• TASK OBJECTIVE:
Would you retype exactly the lines from the one holding "Sigital Audio Advertising Spending" through the last line of the listing, and only those, without pictures?

• DATA SHOWN:
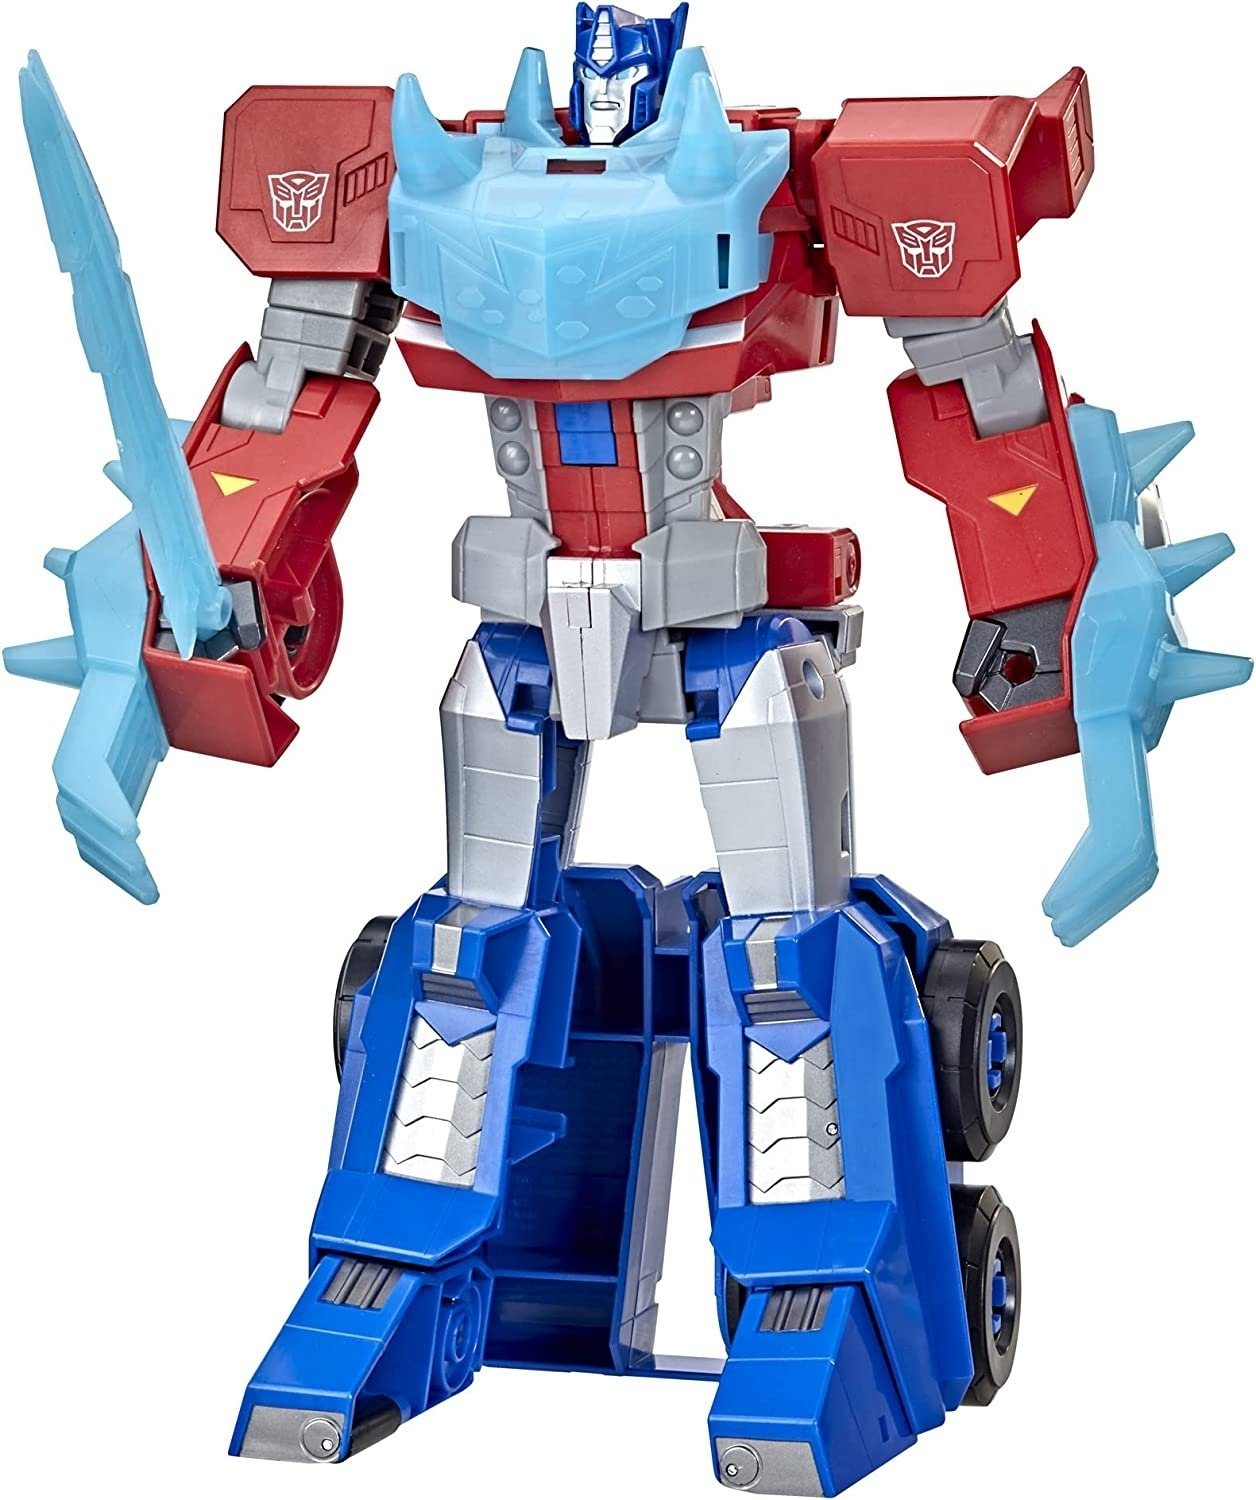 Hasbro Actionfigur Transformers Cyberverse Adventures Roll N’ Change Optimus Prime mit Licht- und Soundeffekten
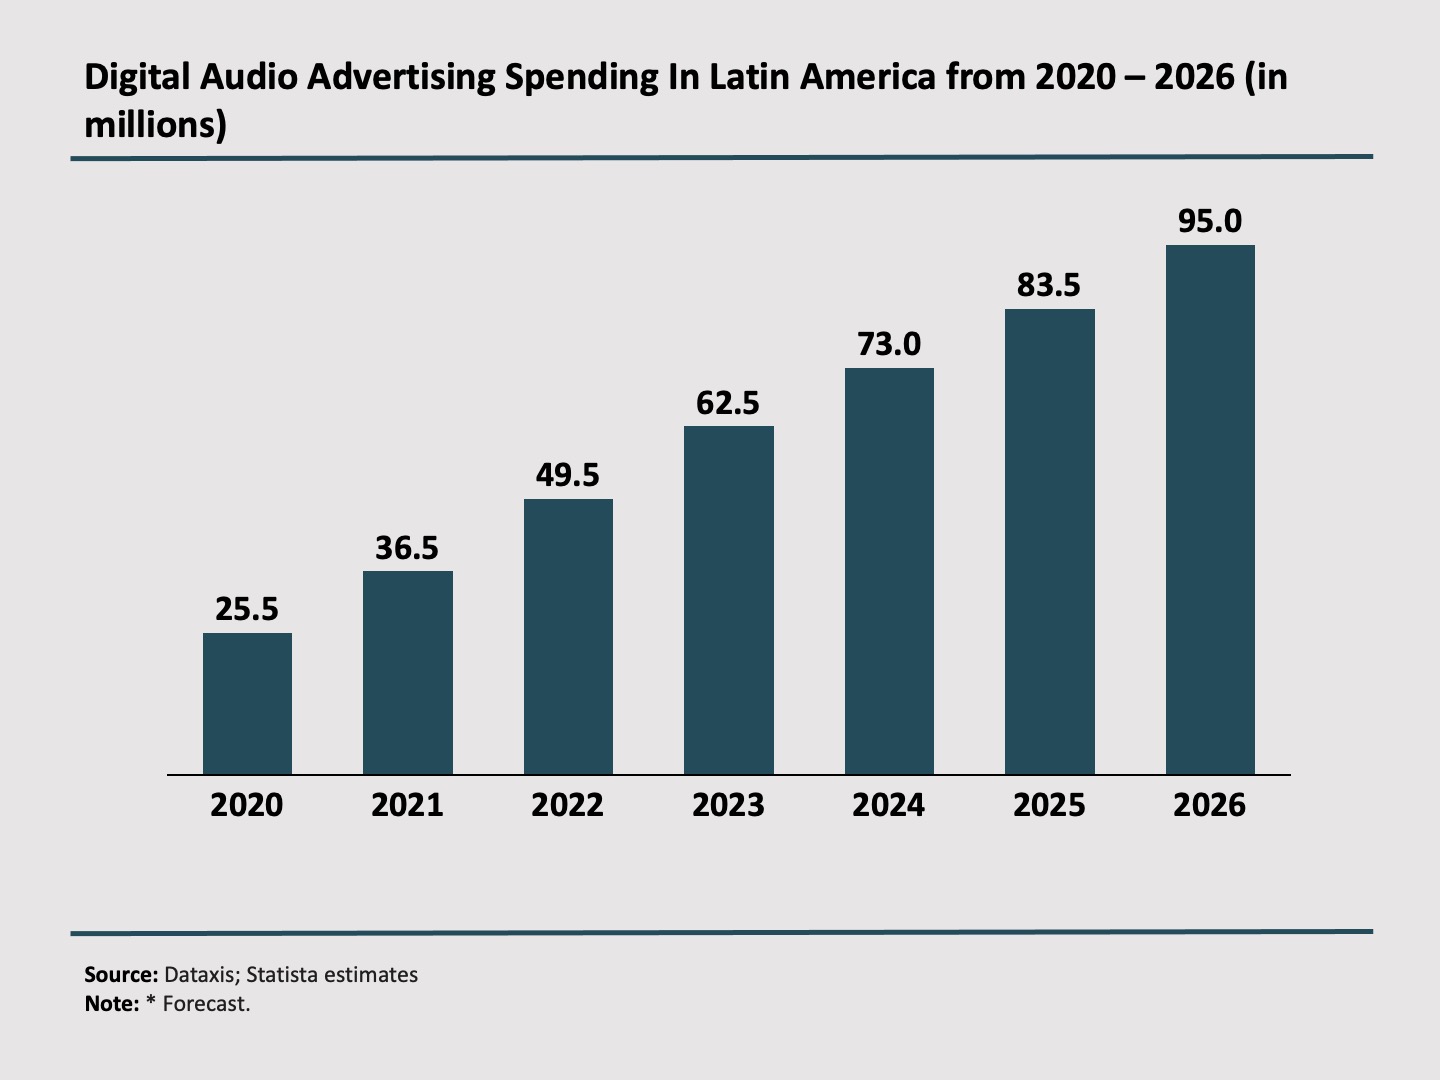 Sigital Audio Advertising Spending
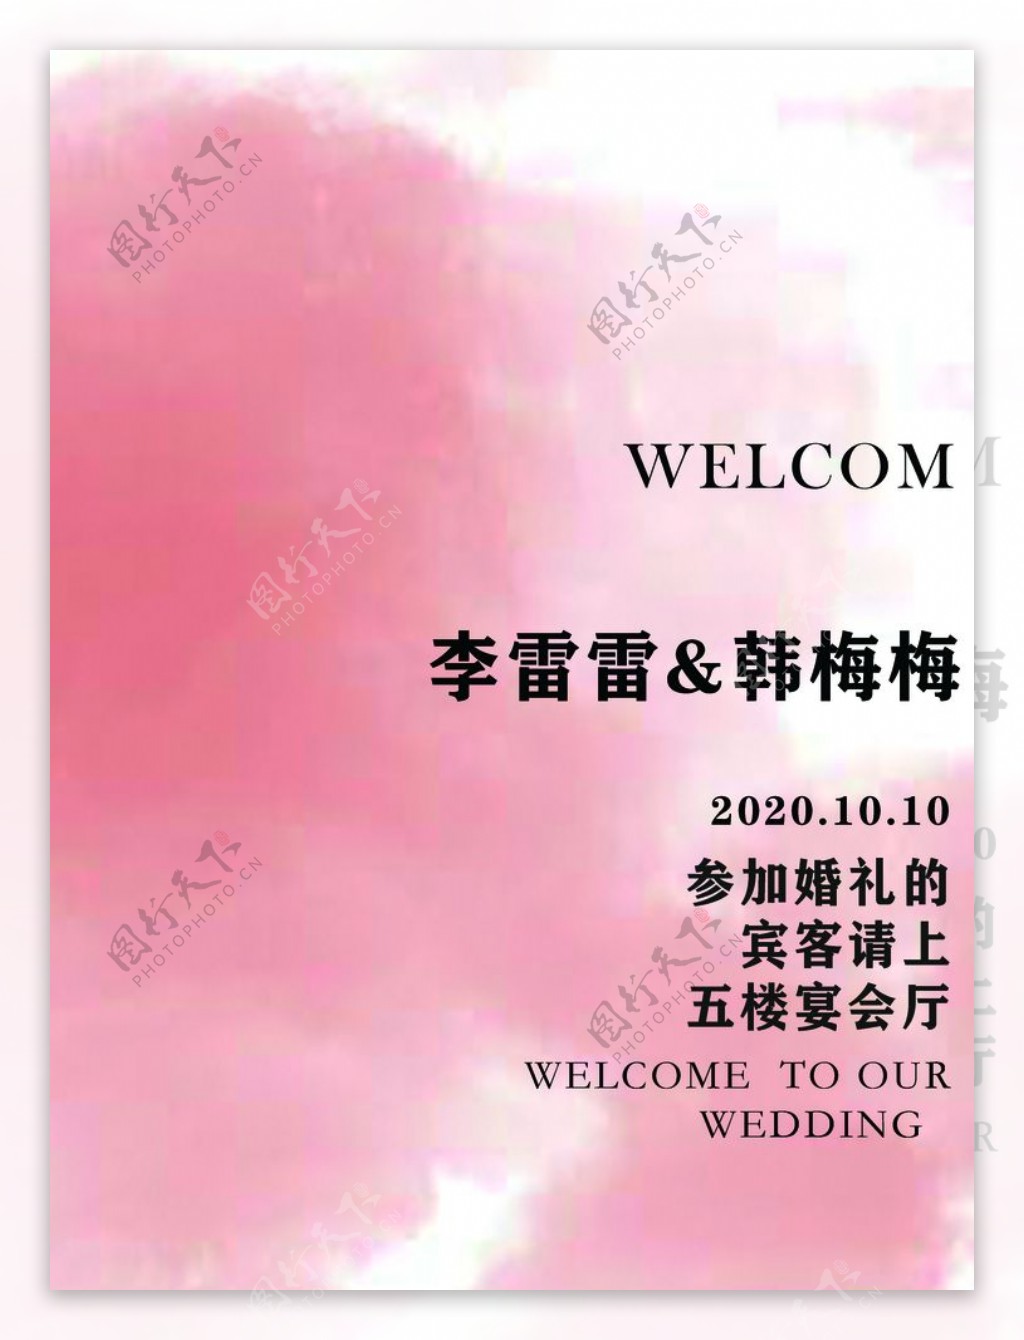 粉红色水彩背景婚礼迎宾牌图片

• TASK SOLUTION:
 Sigital Audio Advertising Spending
 粉红色水彩背景婚礼迎宾牌图片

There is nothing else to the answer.